Monday, April 18, 10am
Thursday, April 21, 12pm-4pm
The “Spring Ephemerals” are here! Throughout school vacation week, children will be able to attend the Wildflower Festival at Bartholomew’s Cobble free of charge. Spring ephemerals are wildflowers, native in the Berkshires, which appear early in Spring and are only around for a small window of time. These plants include native white and red trilliums, spring beauty, bloodroot, toothwort, wild ginger, blue cohosh and violets. For more information about the Spring Wildflower Festival and a full list of activities, visit The Trustees website. Reservations are strongly recommended. 413-298-3239 x3013 . 117 Cooper Hill Rd, Sheffield, MA . (Trustees members <$. Non members $. Children FREE)

Learning about wild edible plants opens up new possibilities for learning and lifestyle. Once you’ve begun recognizing local edible plants, your nature walks will be filled with discovery. This is a fun skill to teach to your family or friends. Once you’ve identified an edible plant such as black locust flowers, cattail buds, or stinging nettles leaves, you can try cleaning and eating them, and possibly even incorporating them into cooking! Learning how to identify edible plants around you will add another layer of fun, understanding, and discovery to your nature walks. Challenge your friends and family to learn too! You can make a game out of who spots edible plants first.
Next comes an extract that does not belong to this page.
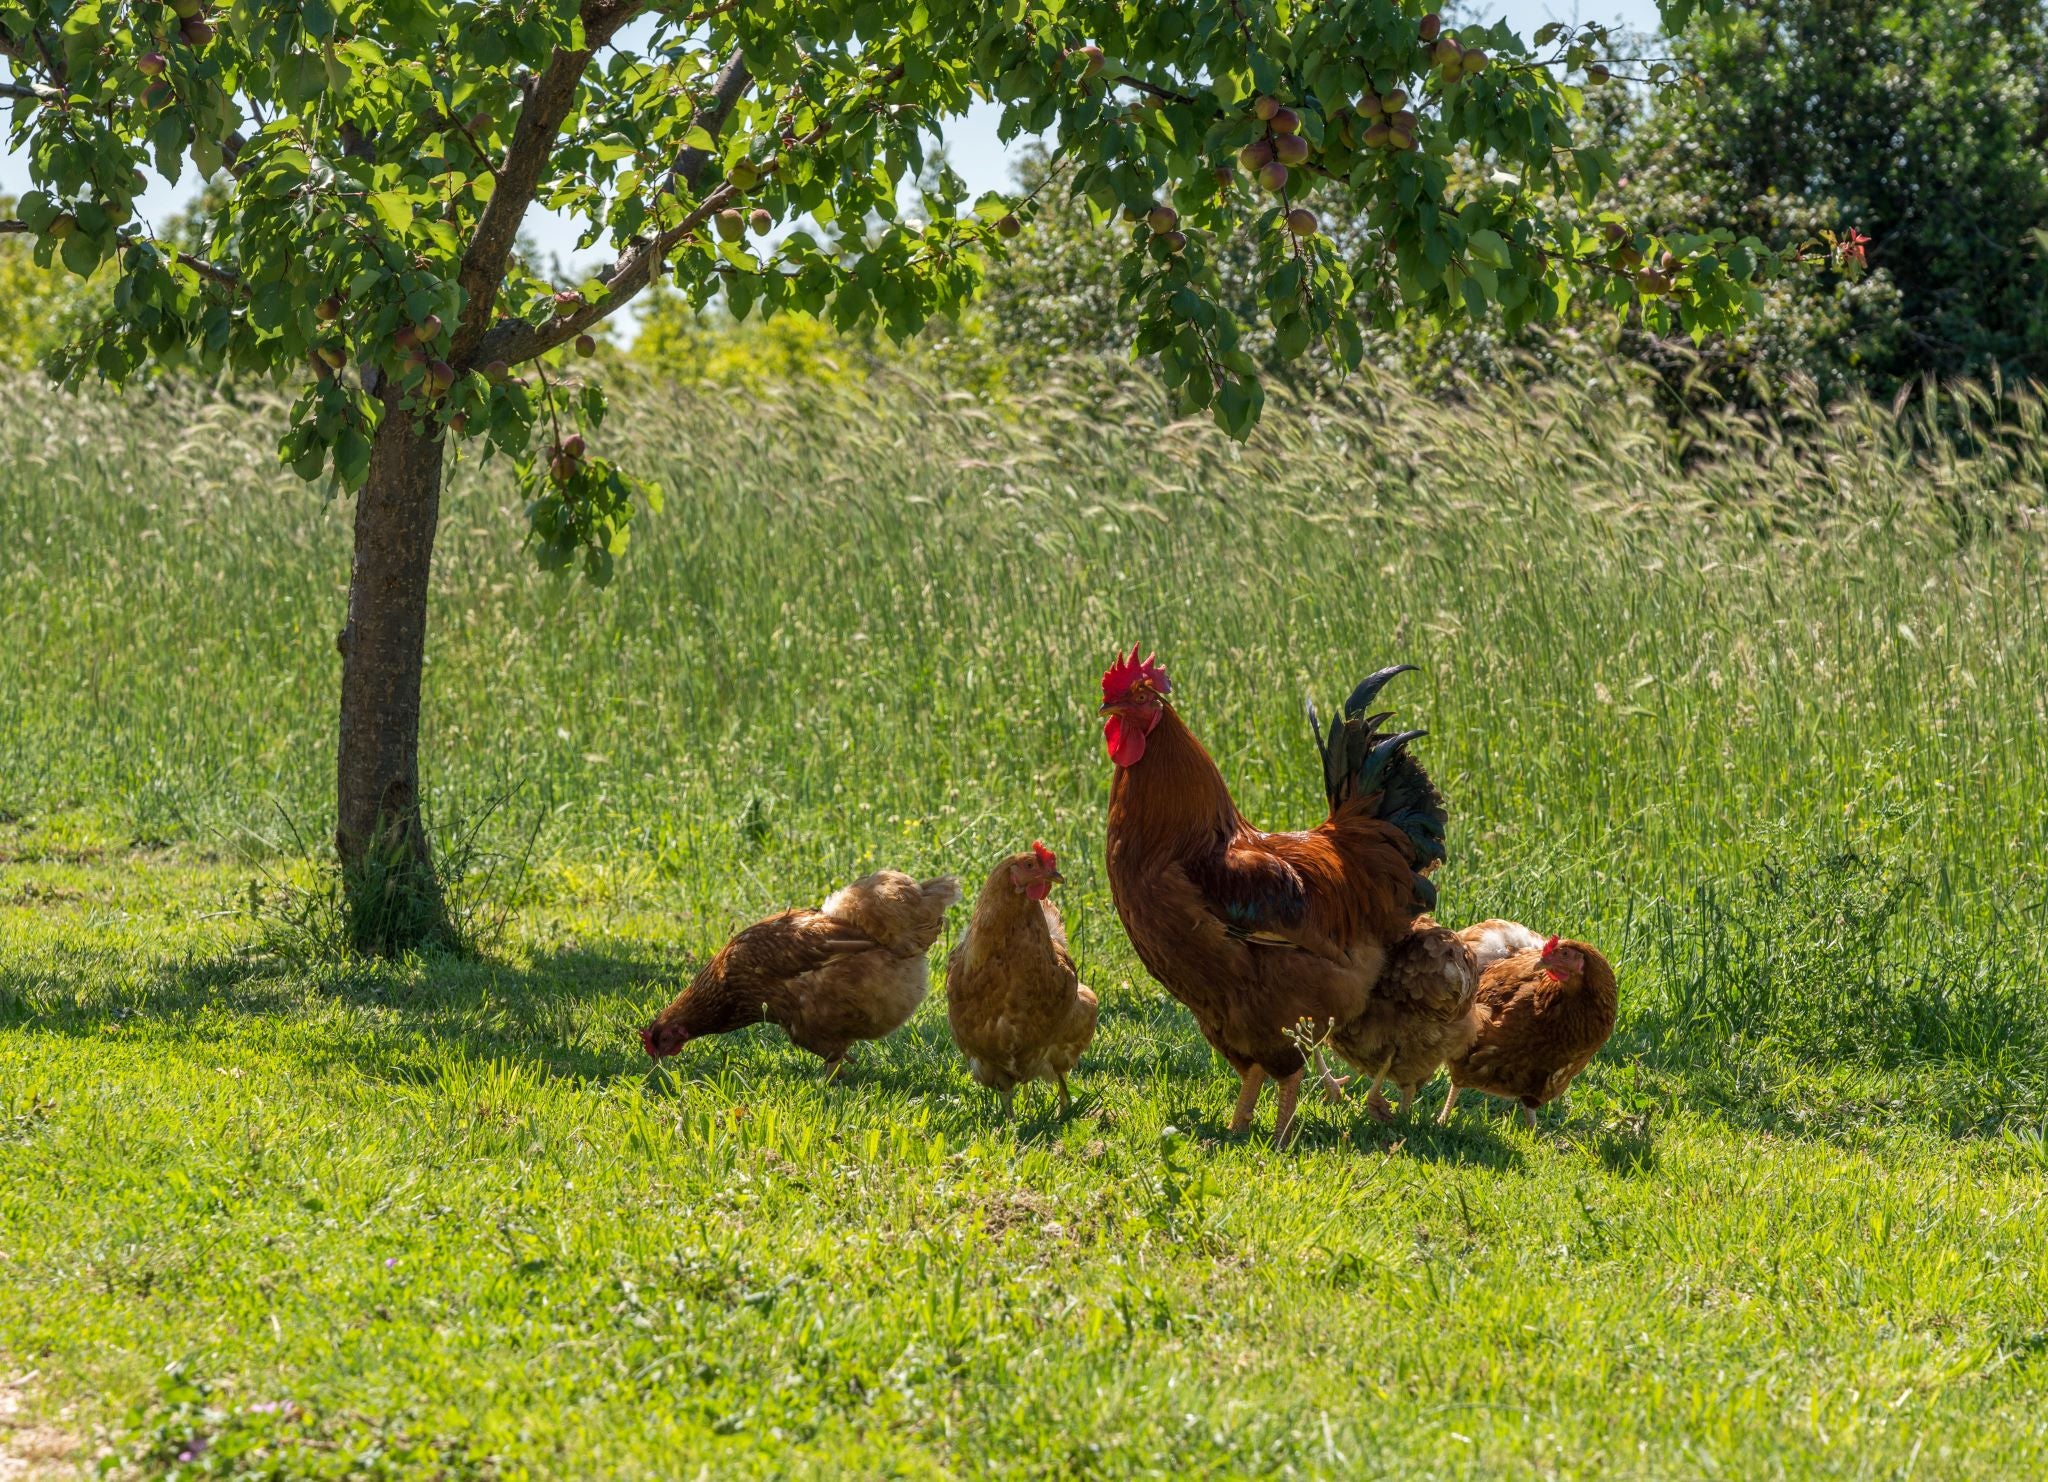 A rooster and three hens foraging under a tree.
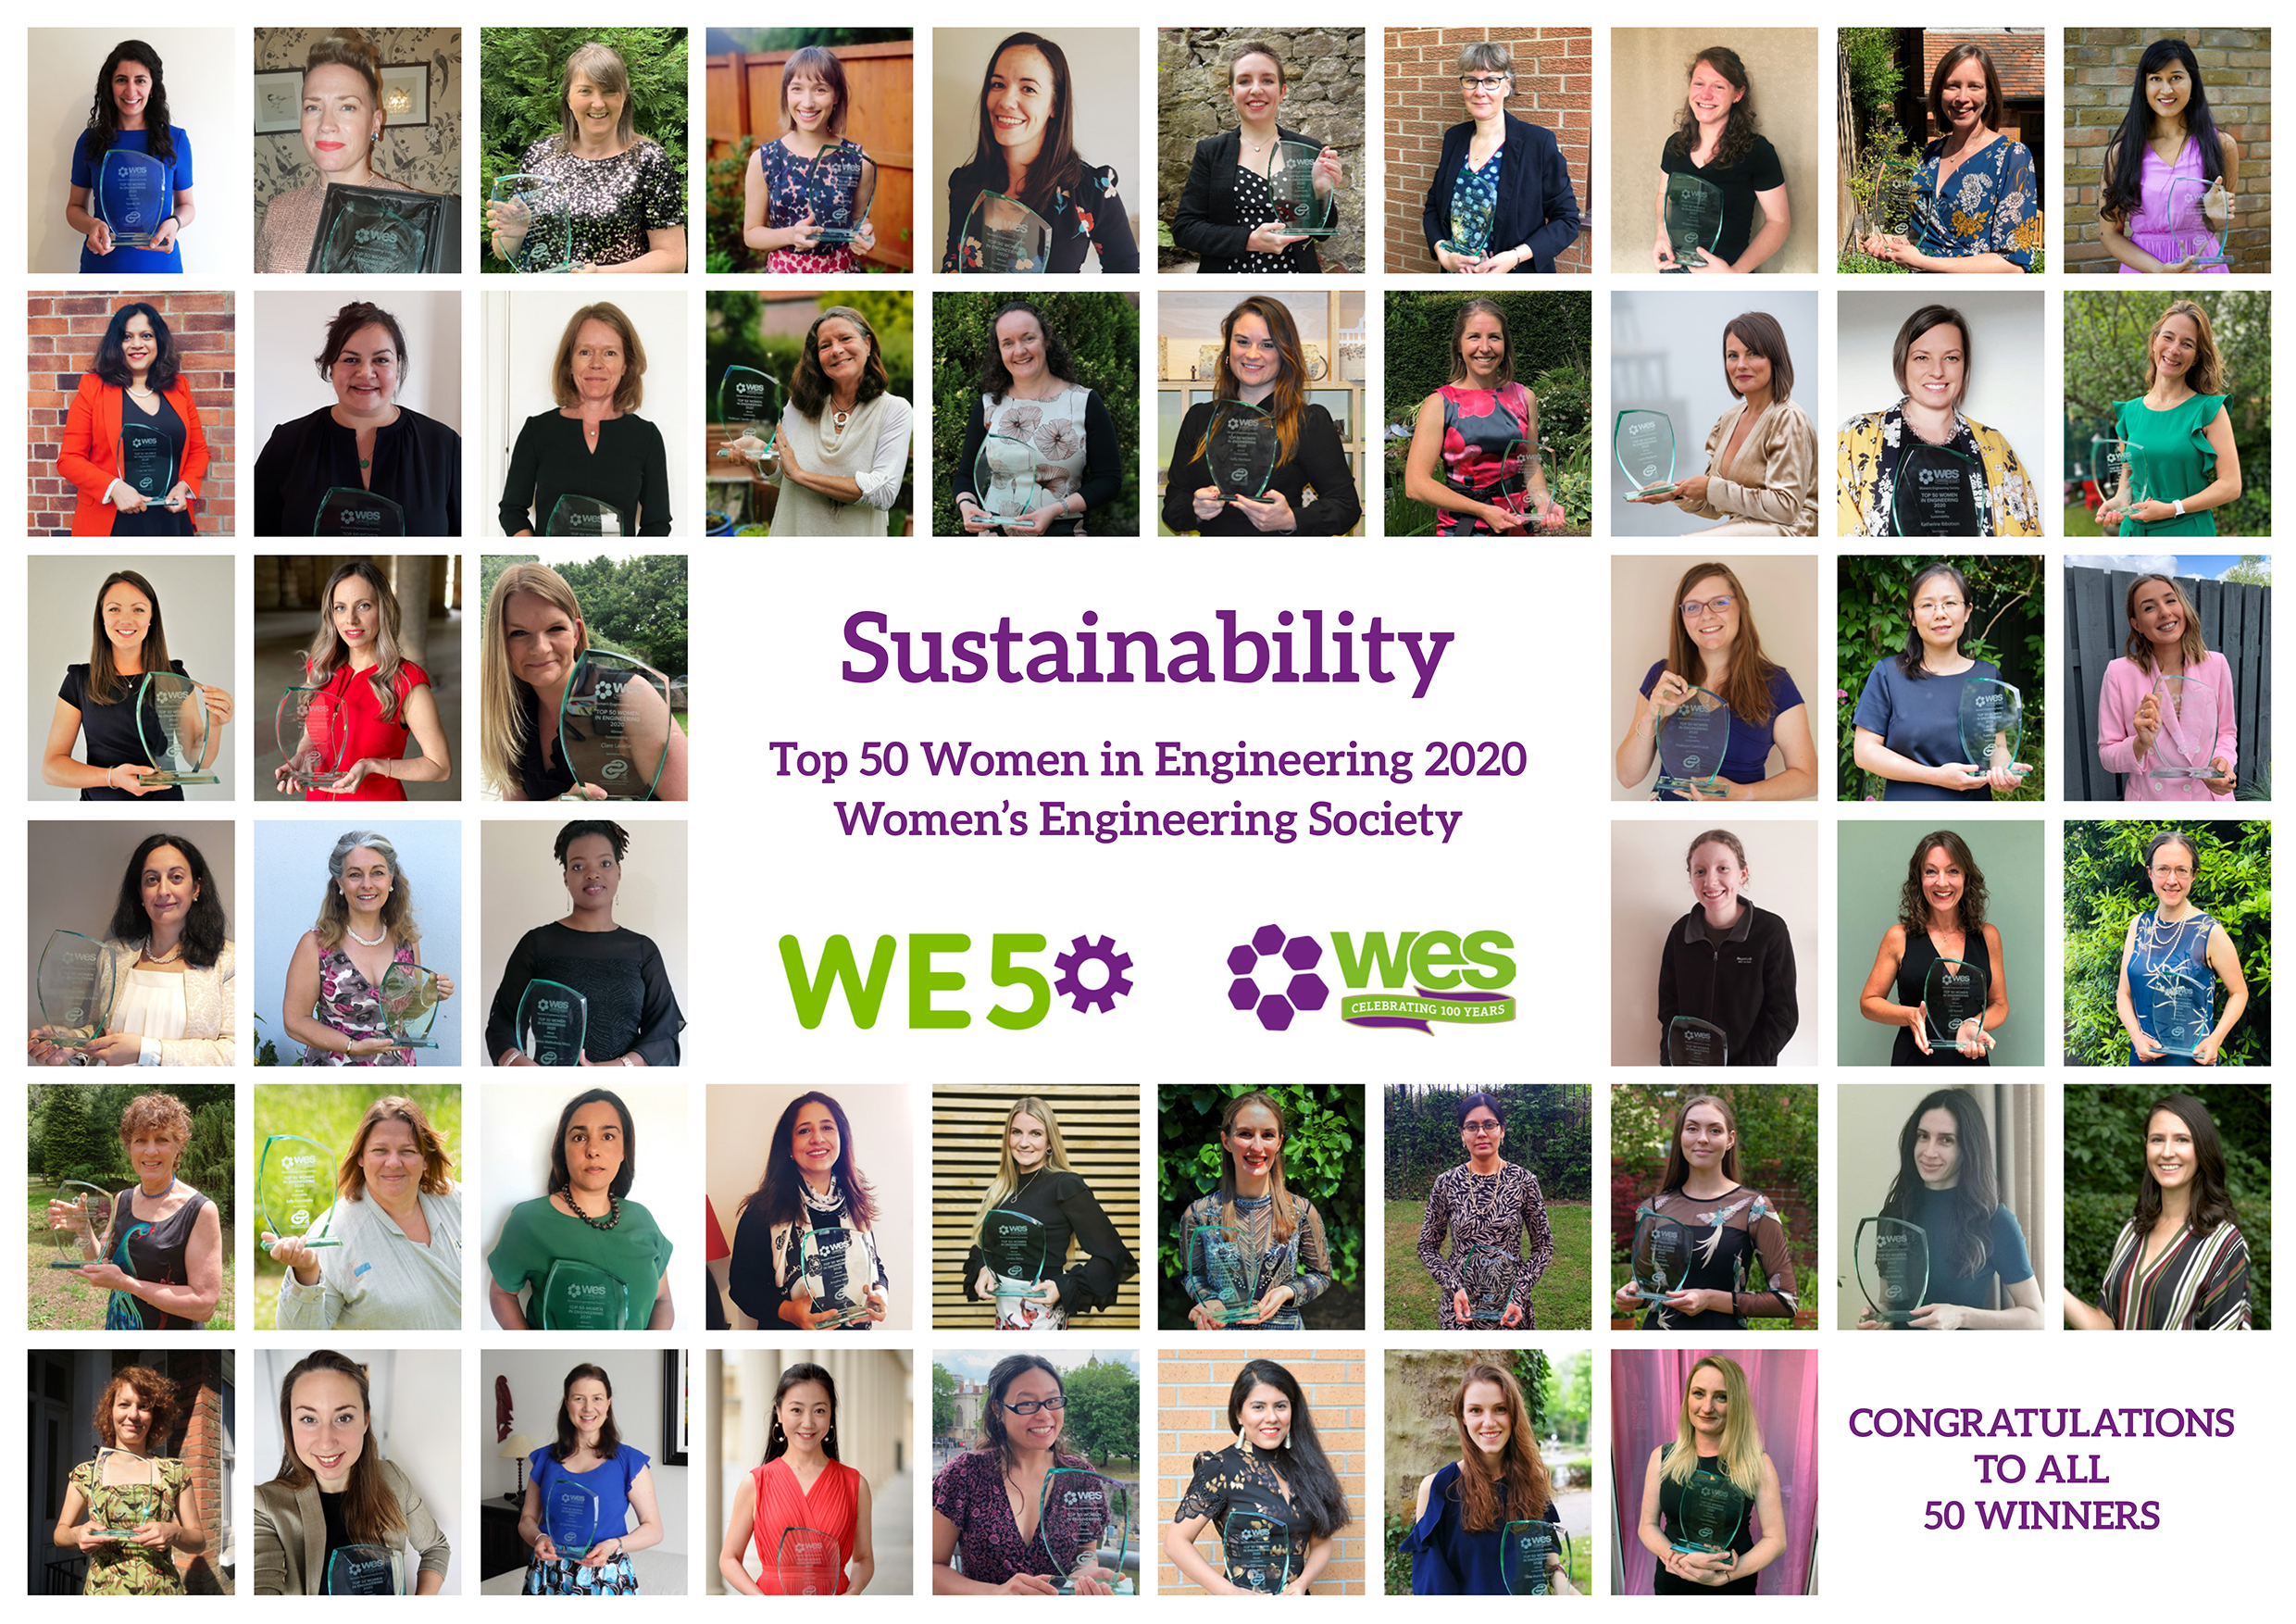 This year's WE50 awards celebrate female engineers who have made a significant contribution to sustainability within the industry.

This week offers two opportunities to learn about foraging for edible plants.

On Tuesday, April 19, at 6:30pm, visit the Northfield Public Library where local author Russ Cohen will teach you foraging techniques.413-665-2170. 202 Chestnut Plain Rd, Whately, MA. (FREE)

On Wednesday, April 20, 6:30pm-8pm, visit the Meekins Library for a talk to get you started identifying wild edible plants. Meekins Library 413-268-7472. Route 9. Williamsburg, MA (FREE)


Saturday, April 16, 10am-4pm
Learn sustainable living skills like beekeeping, gardening, and composting, while enjoying live entertainment at the Seventh Annual Amherst Sustainability Festival! Hilltown Families will be represented at the festival, at a pop-up open house. Come to our table to find out about our resources for connecting community members of all ages to educational events, workshops, and volunteer opportunities. There will be live animals, face painting, jugglers and stilt walking on the common to keep you entertained as well as informed. Bring items for the Recycling Drive. For more information, visit the event website. 413-259-3149. Town Common, Amherst, MA. (FREE)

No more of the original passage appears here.